Pulling an Image from Docker¶

Please note that the docker build will not work on the access point. Apptainer is installed on the access point and users can use Apptainer to either build an image from the definition file or use apptainer pull to create a .sif file from Docker images. At the time the guide is written, the latest version of PyTorch is 2.9.0. Before pulling the image/software from Docker it is a good practice to set up the cache directory of Apptainer. Run the following command on the command prompt

[user@ap]$ mkdir $HOME/tmp
[user@ap]$ export TMPDIR=$HOME/tmp
[user@ap]$ export APPTAINER_TMPDIR=$HOME/tmp
[user@ap]$ export APPTAINER_CACHEDIR=$HOME/tmp

Now, we pull the image and convert it to a .sif file using apptainer pull

[user@ap]$ apptainer pull  pytorch-2.9.0.sif docker://pytorch/pytorch:2.9.0-cuda12.6-cudnn9-runtime

Transfer the image using OSDF¶

The above command will create a singularity container named pytorch-2.9.0.sif in your current directory. The image will be reused for each job, and thus the preferred transfer method is OSDF. Store the pytorch-2.9.0.sif file your data directory on the access point (see table here), and then use the OSDF url directly in the container_image attribute. Note that you can not use shell variable expansion in the submit file - be sure to replace the access point and username with your actual OSPool username.

container_image = osdf:///ospool/<AP/data/<USERNAME>/pytorch-2.9.0.sif
<other usual submit file lines> 
queue

Need to install additional system or Python packages? Check out our example PyTorch definition files.

Run PyTorch jobs on the OSPool¶

In this tutorial, we will use PyTorch to train a cat/dog classifier to distinguish between images of cats and dogs. To download the materials for this tutorial, use this command in your /home directory on the Access Point:

git clone https://github.com/osg-htc/tutorial-pytorch-catdog.git

The github repository contains: - Definition files for PyTorch containers - Files for training a cat/dog classifier - Files for running inference with the cat/dog classifier

Train a cat/dog classifier¶

Go into the directory with files for the training job:

cd train

Let's take a look at our wrapper script, train.sh:

#!/bin/bash

unzip train.zip -d data/
rm train.zip

python train.py \
  --data-dir data \
  --checkpoint-dir . \
  --epochs 10

We unzip our training data, then run our Python script, using the current working directory (which is the top-level scratch directory of the Execution Point) as the place to save our model checkpoint.

We have written our Python script to take in arguments. This makes it easier to modify in later training jobs, in case we need to change the number of training epochs or use different input/output directories.

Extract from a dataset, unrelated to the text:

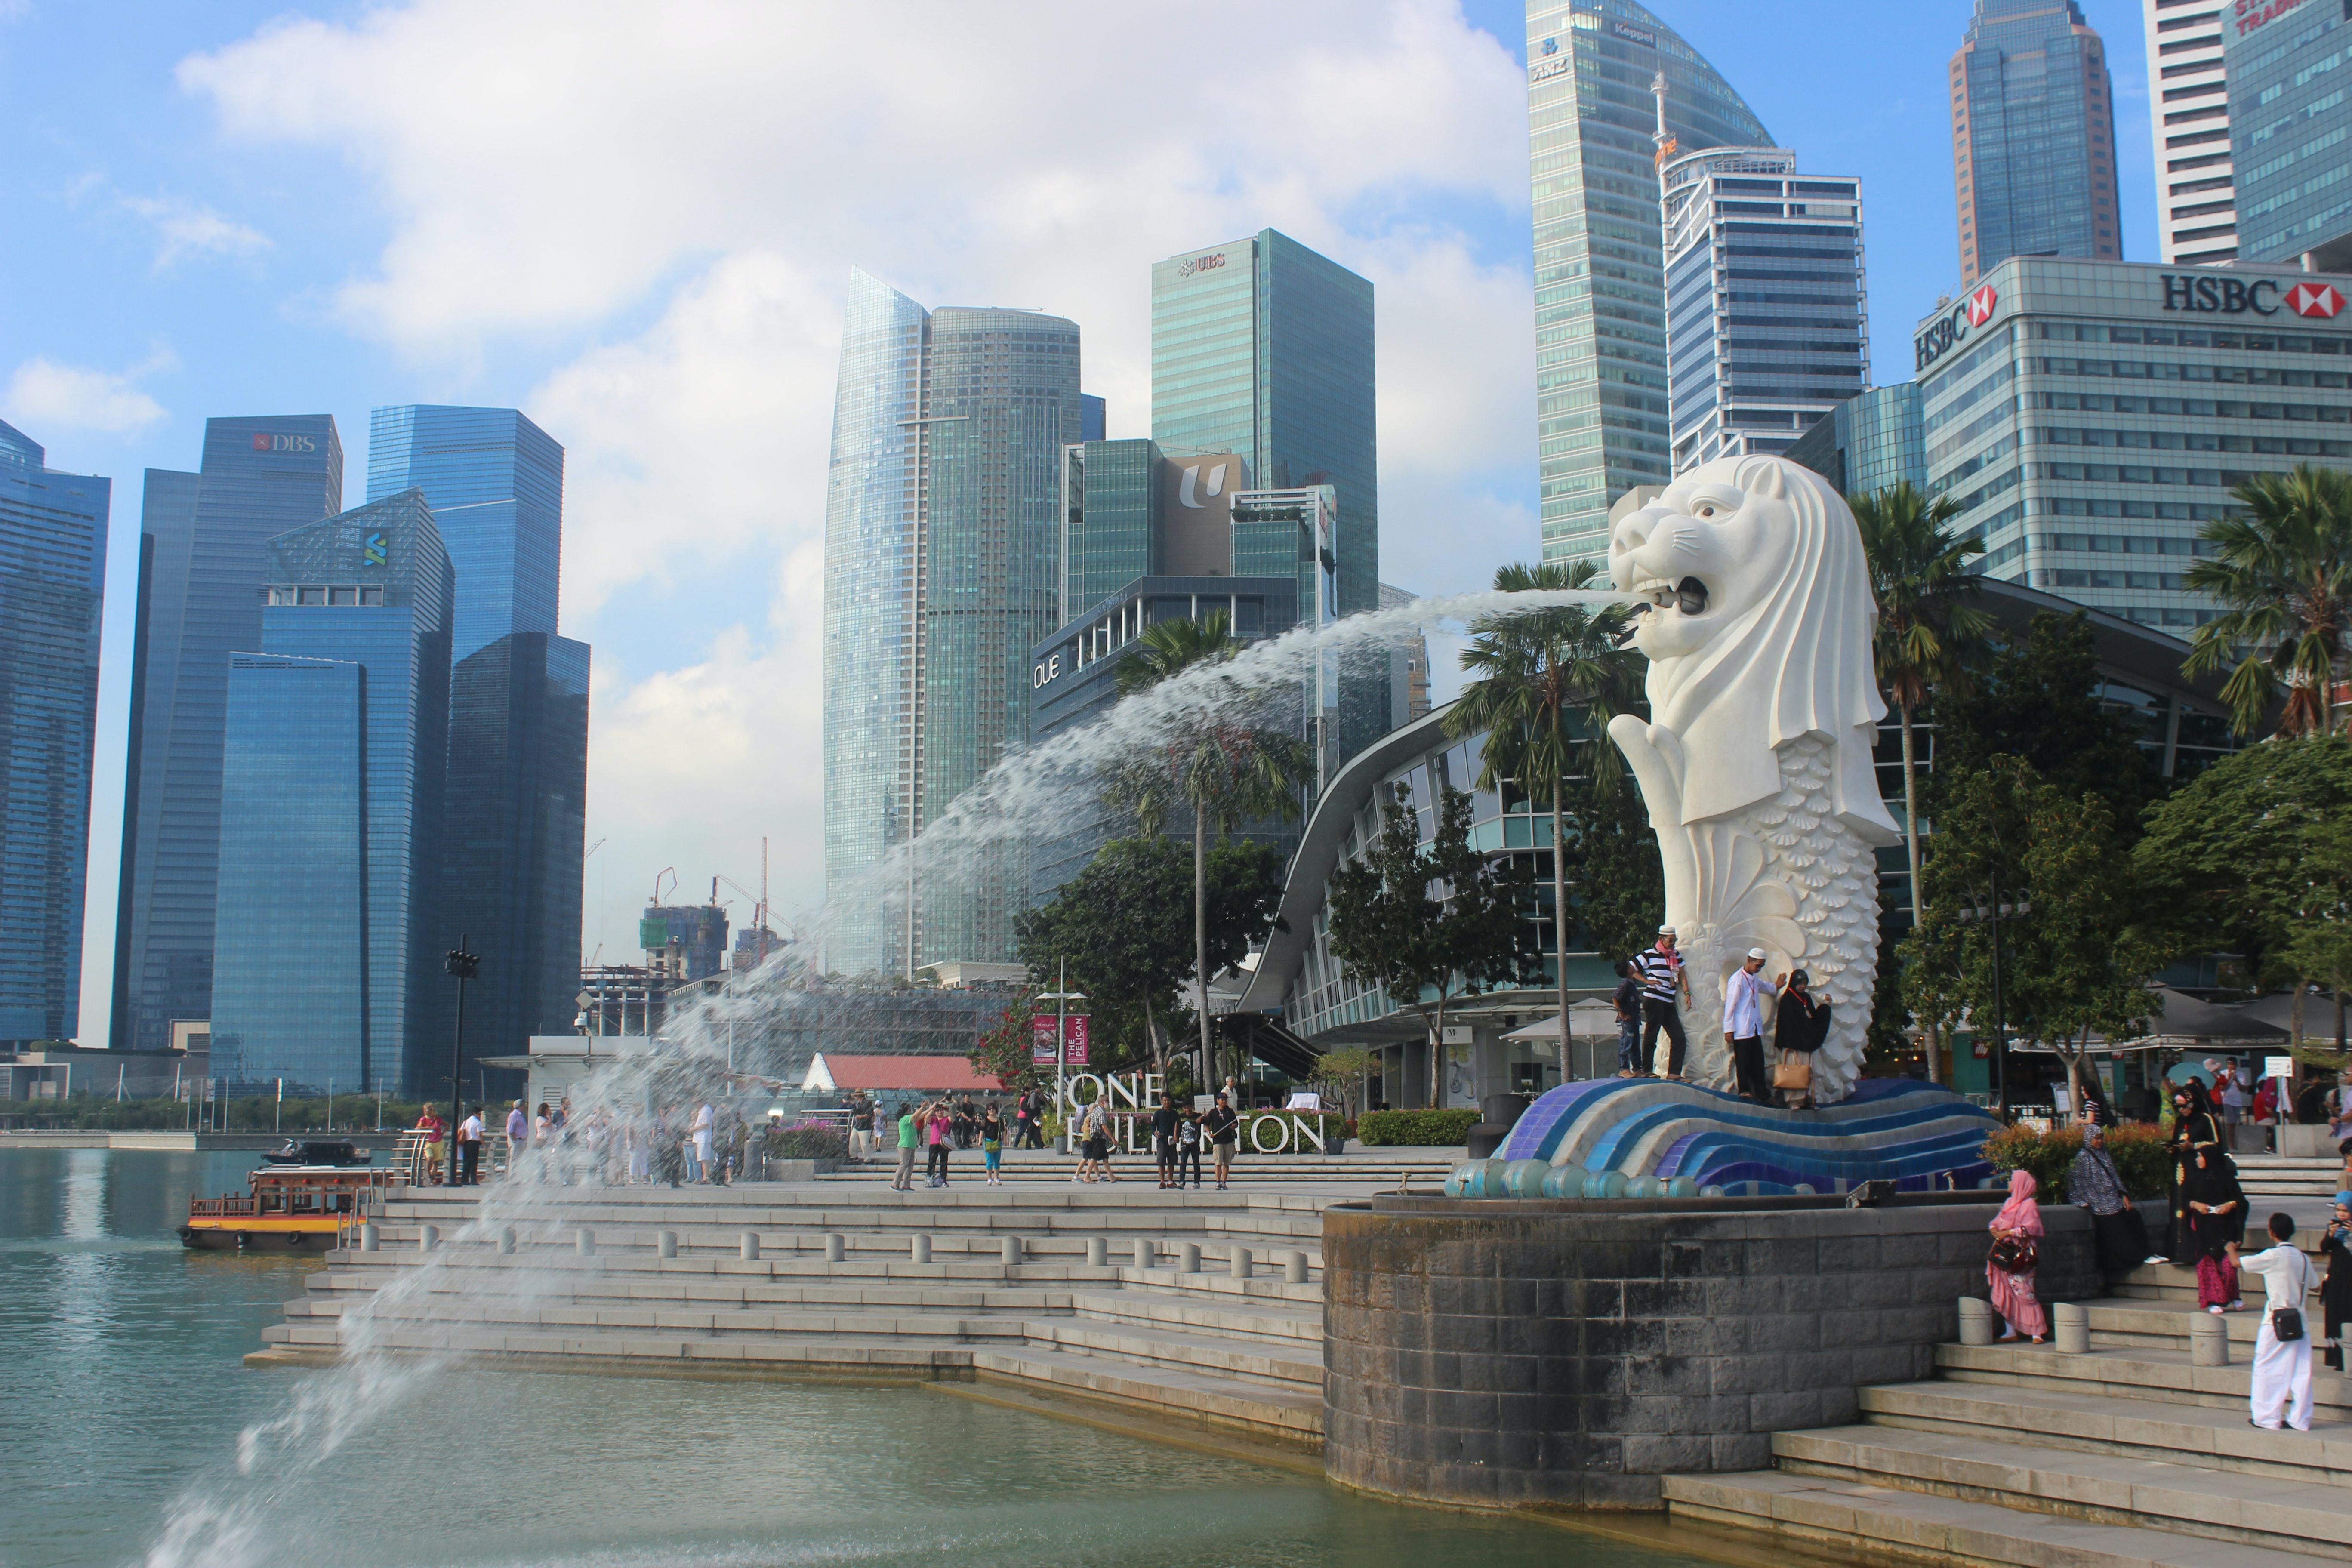 싱가포르 머라이언파크에서 머라이언이 물을 내뿜고 있는 모습

Let's take a look at an excerpt from the submit file (train.sub) to understand what we're doing:

container_image = osdf:///osg-public/containers/catdog_conda.sif
shell = ./train.sh
transfer_input_files = train.sh, train.py, osdf:///osg-public/data/tutorial-OSG-pytorch/train.zip
transfer_output_files = model.pth

We are using an OSG-hosted container image called catdog_conda.sif using the OSDF file transfer protocol.
We are running train.sh, our shell wrapper script, which unzips train.zip, our training data, and then runs train.py, which is our Python training script.
We transfer in all the files we need: train.sh, train.py, and train.zip.
We transfer model.pth back from the Execution Point to the Access Point when the training is complete.

Large data and the OSDF

train.zip is a large, OSG-hosted dataset, so we are using the OSDF file transfer protocol. For your large training files, we recommend saving them in your /ospool directories as zip files or tarballs, and using the OSDF to transfer those files. To learn more, visit our guide: https://portal.osg-htc.org/documentation/htc_workloads/managing_data/osdf/

Also in the submit file:

#=== Resource requirements ===#
request_cpus = 1
request_memory = 4GB
request_disk = 15GB
request_gpus = 1

#=== GPU options ===#
gpus_minimum_capability = 7.5
gpus_minimum_memory = 4GB

Here, we must request enough disk space to accommodate all our files, including our container image. Additionally, we request certain GPU options, such as memory and capability. The latest versions of PyTorch (as of March 20, 2026) require a minimum capability of 7.5.

To submit the job, run:

condor_submit train.sub

This job should take approximately 30 minutes. You can watch the progress of your job with:

condor_watch_q

When your job is complete, you should see an updated model.pth in the current working directory. Use ls -lh to confirm that the model.pth file is updated.

ls -lh model.pth

Run inference using the cat/dog classifier¶

Let's run some inference jobs using the model we just trained. If you are in the training directory, move out of the training directory and into the inference directory.

cd ../infer

We will submit 10 inference jobs on sets of images to classify how cat- or dog-like the images are. Because there are no dependencies between these images, we can submit each set of images (saved as zip files in the data/ subdirectory) as independent jobs.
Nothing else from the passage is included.